TASK DETAILS: Copy out all the lines of the data precisely, omitting any pictures.

PROVIDED MATERIAL:
####

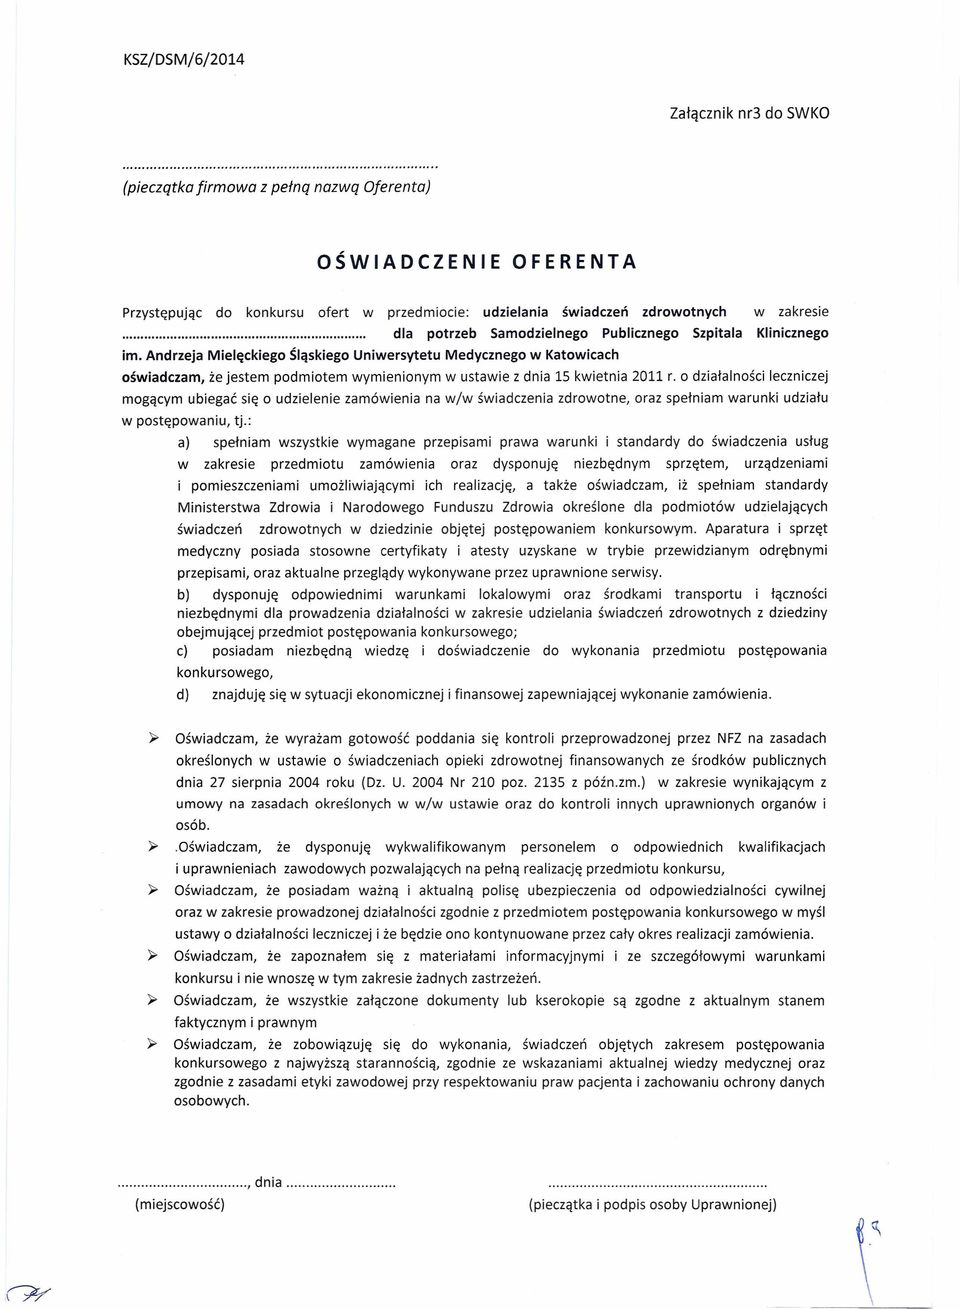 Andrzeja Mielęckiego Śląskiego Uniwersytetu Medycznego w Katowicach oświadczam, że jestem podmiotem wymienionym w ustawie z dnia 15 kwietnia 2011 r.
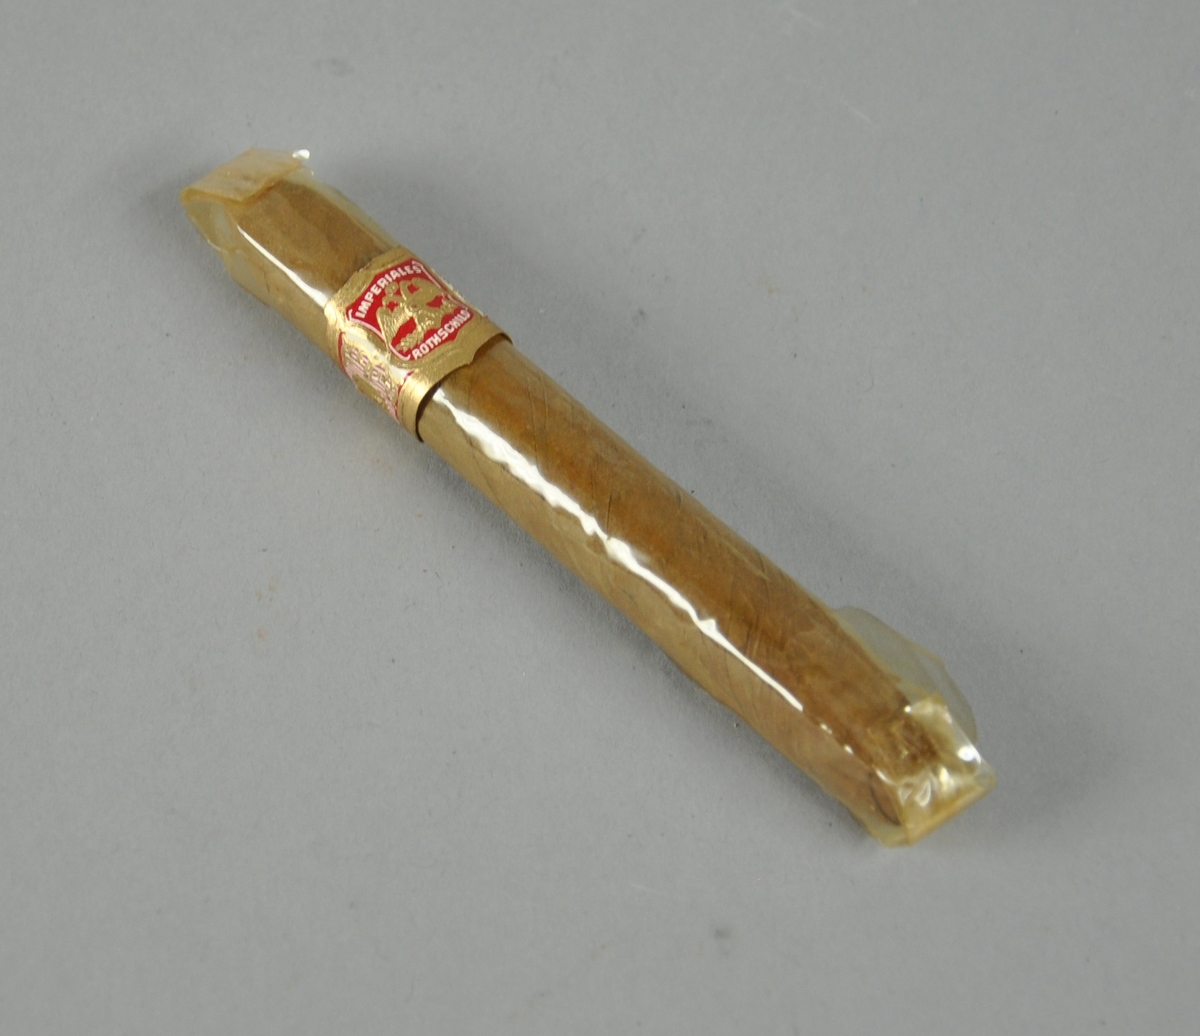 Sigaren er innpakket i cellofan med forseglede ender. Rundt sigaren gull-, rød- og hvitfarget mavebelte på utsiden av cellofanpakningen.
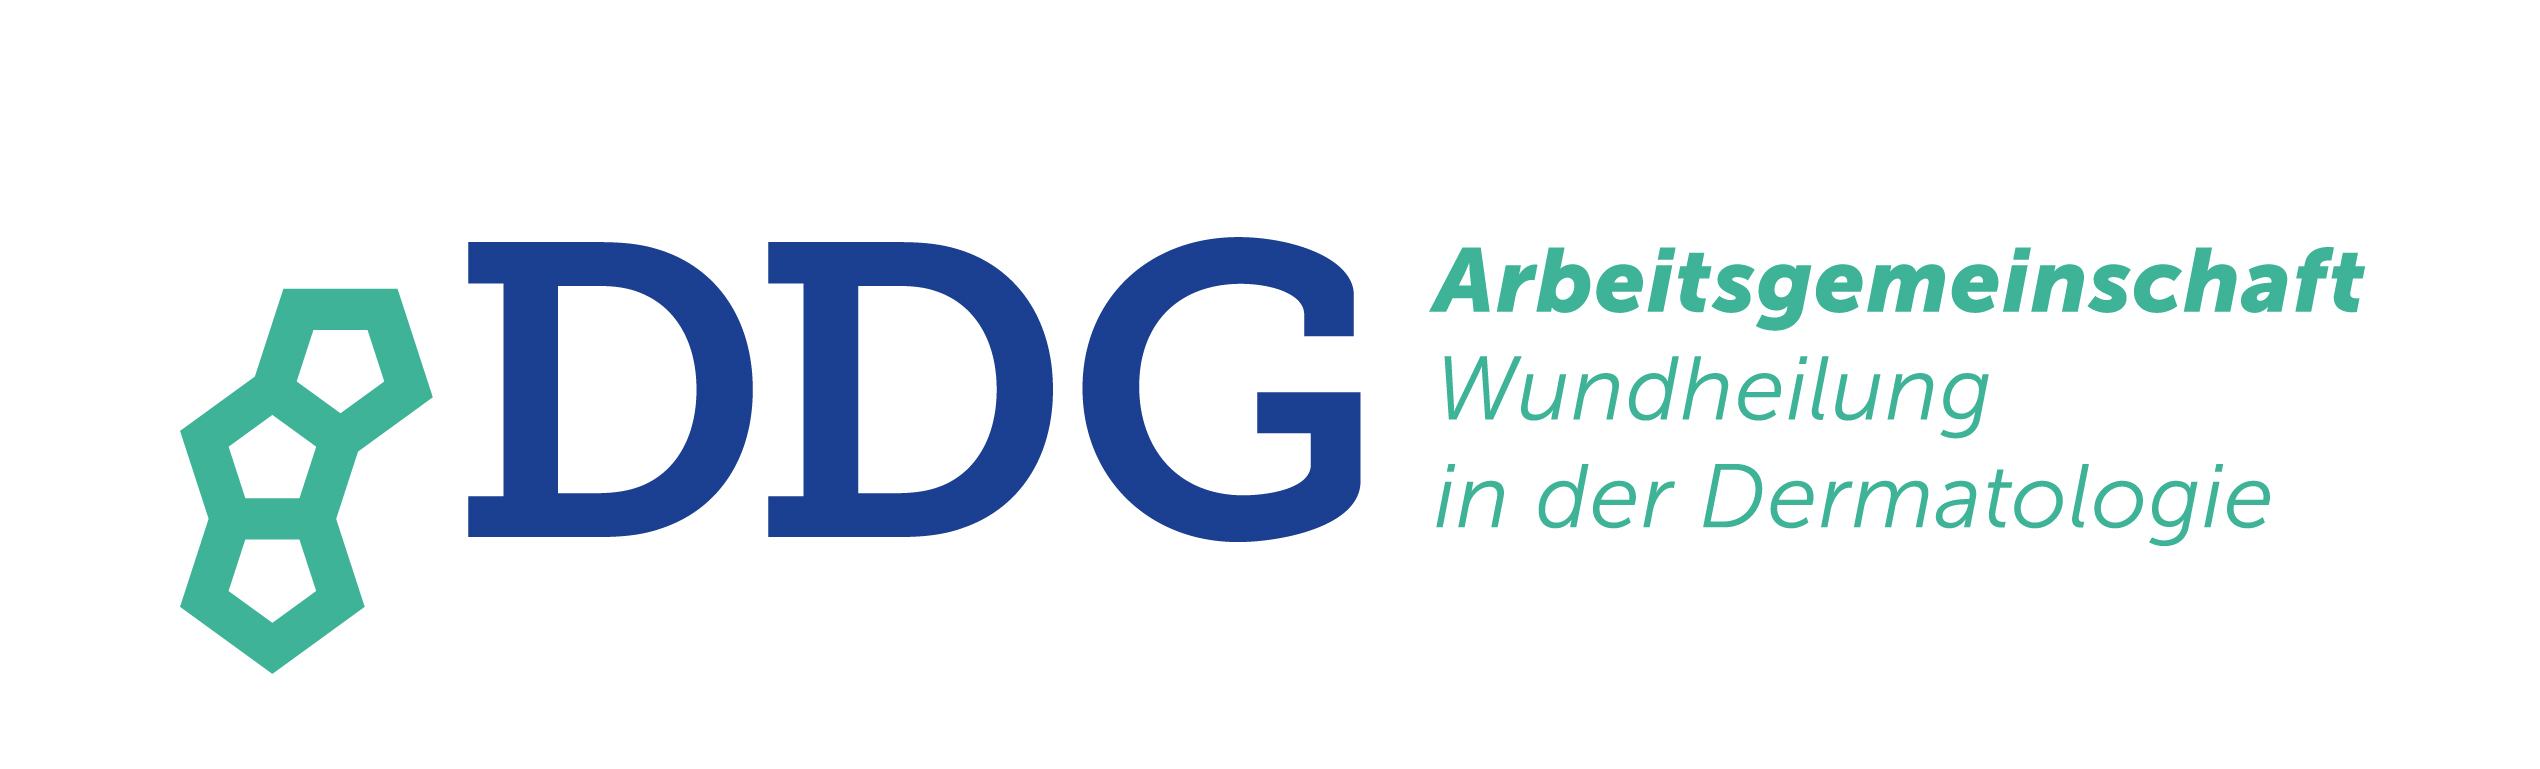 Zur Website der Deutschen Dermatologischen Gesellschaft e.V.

####

RESULT:
 Andrzeja Mielęckiego Śląskiego Uniwersytetu Medycznego w Katowicach oświadczam, że jestem podmiotem wymienionym w ustawie z dnia 15 kwietnia 2011 r.
 Sigaren er innpakket i cellofan med forseglede ender. Rundt sigaren gull-, rød- og hvitfarget mavebelte på utsiden av cellofanpakningen.
 Zur Website der Deutschen Dermatologischen Gesellschaft e.V.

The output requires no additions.